Para conseguir levar a cabo o plano de destruição da Lava Jato, que chegou a prender Temer e a denunciar Serra e Aécio, Gilmar se viu obrigado a mudar de posição no campo de batalha. O ministro garantista que soltava os poderosos presos na primeira instância passou também a atacar os juízes que ousavam encarcerar políticos e empresários acusados de corrupção e lavagem de dinheiro. De goleiro, apelido que recebeu do notório operador tucano Paulo Vieira de Souza, o Paulo Preto, o ministrou assumiu a função de artilheiro para conseguir virar o jogo sobre a Lava Jato. O placar do julgamento estava 2 a 0 contra a suspeição de Moro quando Gilmar pediu vista do processo e levou o habeas corpus impetrado pela defesa de Lula para o seu gabinete. Era dezembro de 2018. À época, o ministro temia uma derrota com o voto do decano Celso de Mello. Gilmar só voltou a cogitar retomar o julgamento depois que as mensagens roubadas dos telefones celulares da força-tarefa começaram a ser divulgadas, em junho de 2019. Ainda assim, a vitória não parecia garantida na turma. Com a aposentadoria de Celso de Mello em 2020 e o aval de Ricardo Lewandowski para que a defesa de Lula tivesse acesso formal ao acervo de mensagens, no início deste ano, o cenário mudou.

Adriano Machado/CrusoéAdriano Machado/CrusoéKassio Marques votou contra a suspeição e ouviu impropérios de Gilmar
Aos poucos, os advogados do ex-presidente foram municiando os ministros da Segunda Turma e a imprensa com novos trechos das mensagens hackeadas, enquanto Gilmar sinalizava que estava prestes a retomar o julgamento após mais de dois anos.
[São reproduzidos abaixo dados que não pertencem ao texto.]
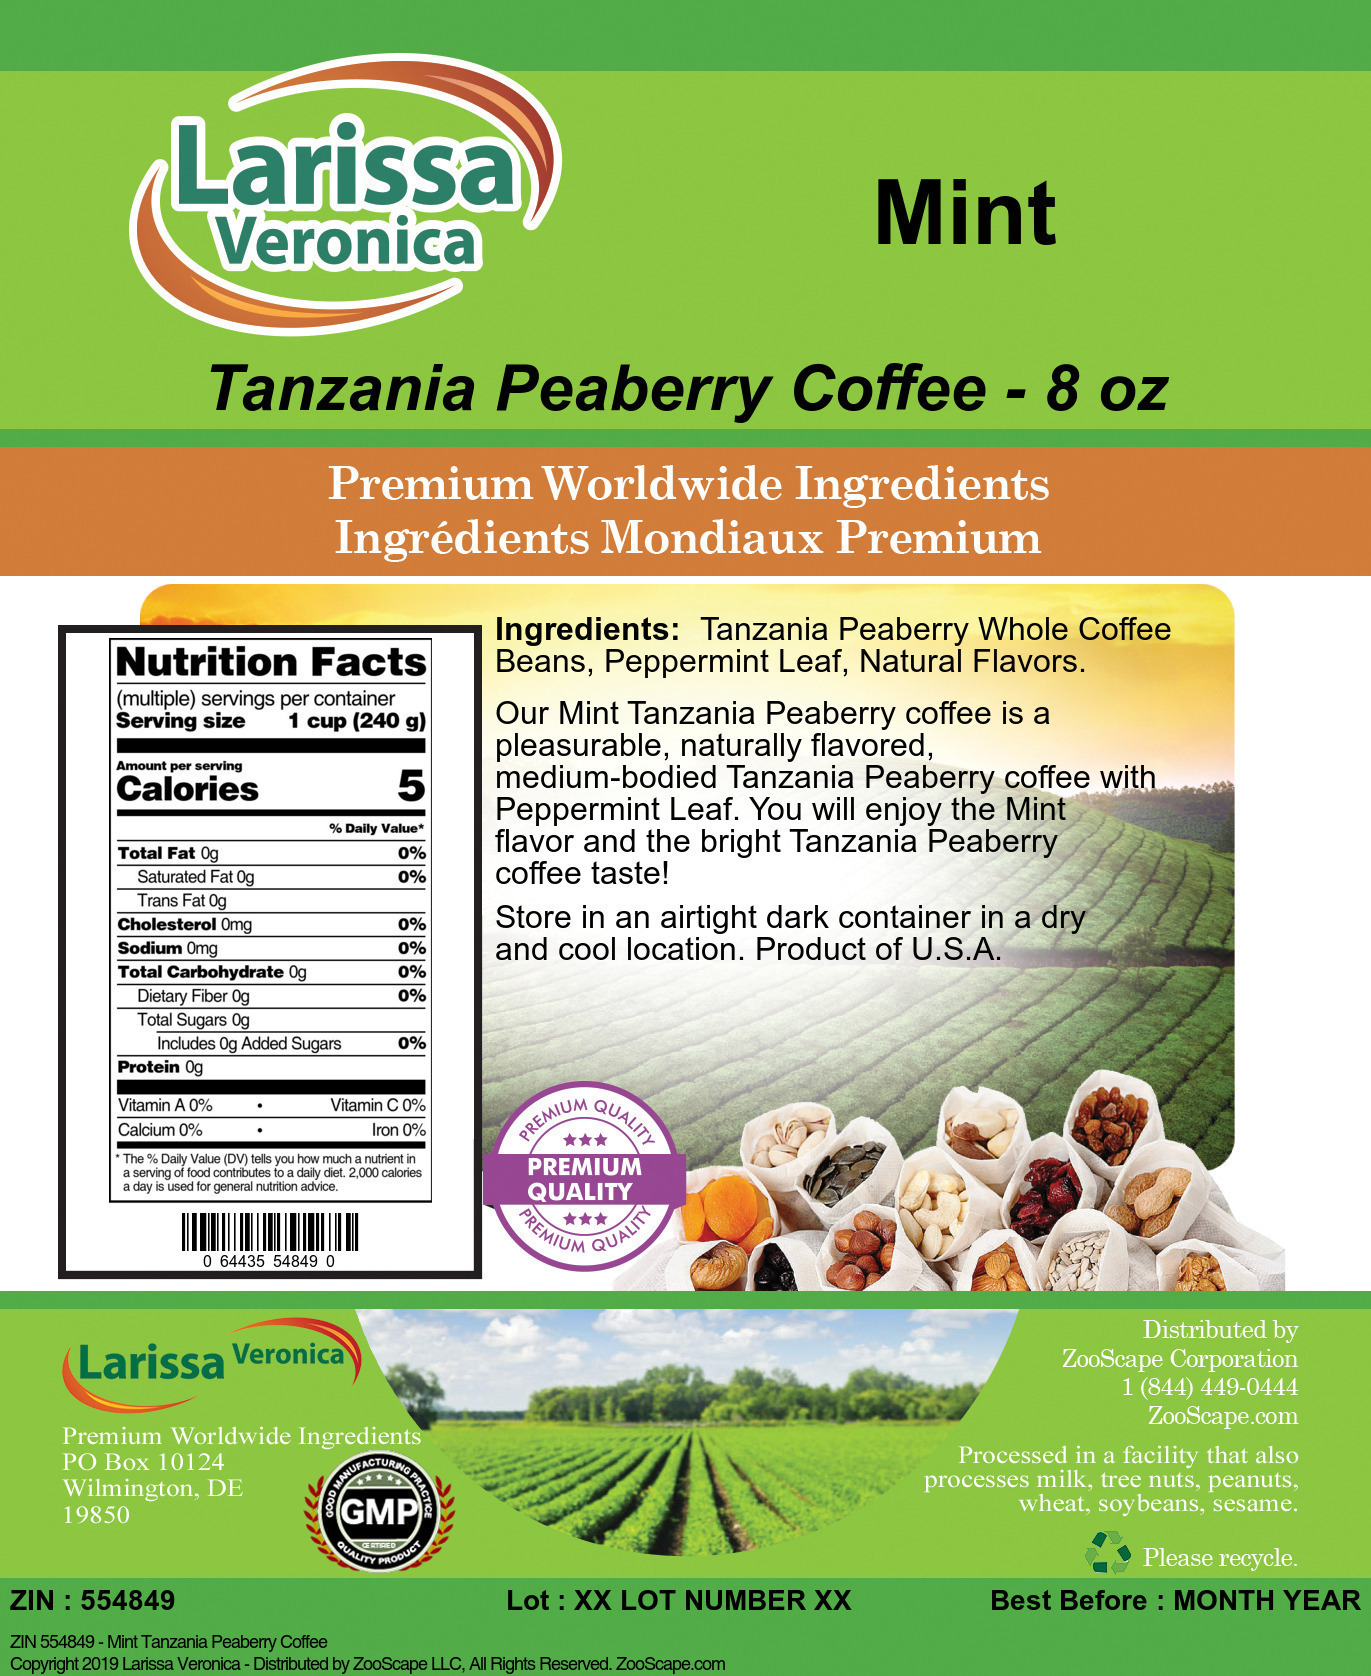 Mint Tanzania Peaberry Coffee - Label

O movimento acabou sendo precipitado por uma outra reviravolta – esta sim, imprevisível –, quando Fachin decidiu anular todas as decisões da 13ª Vara Federal de Curitiba envolvendo os casos do ex-presidente, inclusive as condenações nas ações do tríplex e do sítio de Atibaia, por considerar que não havia relação dos crimes praticados pelo petista com o escândalo da Petrobras. Ao determinar a remessa dos casos para a Justiça Federal de Brasília, Fachin conferiu ao juiz que receberá os processos de Lula a possibilidade de usar as provas produzidas contra o petista no Paraná e extinguiu o habeas corpus que pedia a suspeição de Moro. Indignado com a decisão do colega, que beneficiava Lula mas não punia Moro, Gilmar ignorou o despacho e pautou o habeas corpus de Lula para o dia seguinte. Seu voto foi carregado com uma série de diálogos hackeados para desqualificar toda a operação, imputando crimes aos procuradores e a Moro. O mesmo fez o ministro Ricardo Lewandowski.

O estratégico uso retórico das provas ilícitas, como “reforço argumentativo” para declarar Moro parcial com os mesmos fatos conhecidos desde 2018 se mostrou exitoso. Embora não tenha convencido o ministro Kassio Marques, que rechaçou o uso das mensagens roubadas e demonstrou certo alinhamento aos interesses do presidente Jair Bolsonaro, quem o indicou para o Supremo, o plano de Gilmar triunfou quando a ministra Cármen Lúcia alterou o voto de dois anos atrás para julgar Moro parcial, alegando que o “cenário” que se tinha em 2018 mudou. Ela descartou ter levado em consideração na mudança de sua convicção as mensagens de Telegram lidas e relidas por Gilmar e Lewandowski, mas certamente não deve ter gostado de ter sido chamada de “fraquinha” e “amiguinha de Gilmar” nas conversas entre procuradores. Agora, como foi autor do voto condutor da vitória por 3 a 2 sobre Moro, o artilheiro Gilmar fica responsável por apreciar casos semelhantes – ou seja, ele será o relator de todos os outros pedidos de suspeição do ex-juiz que outros réus da Lava Jato devem endereçar à Segunda Turma para tentar anular suas condenações. Há novas batalhas nessa guerra e ela agora é controlada por Gilmar.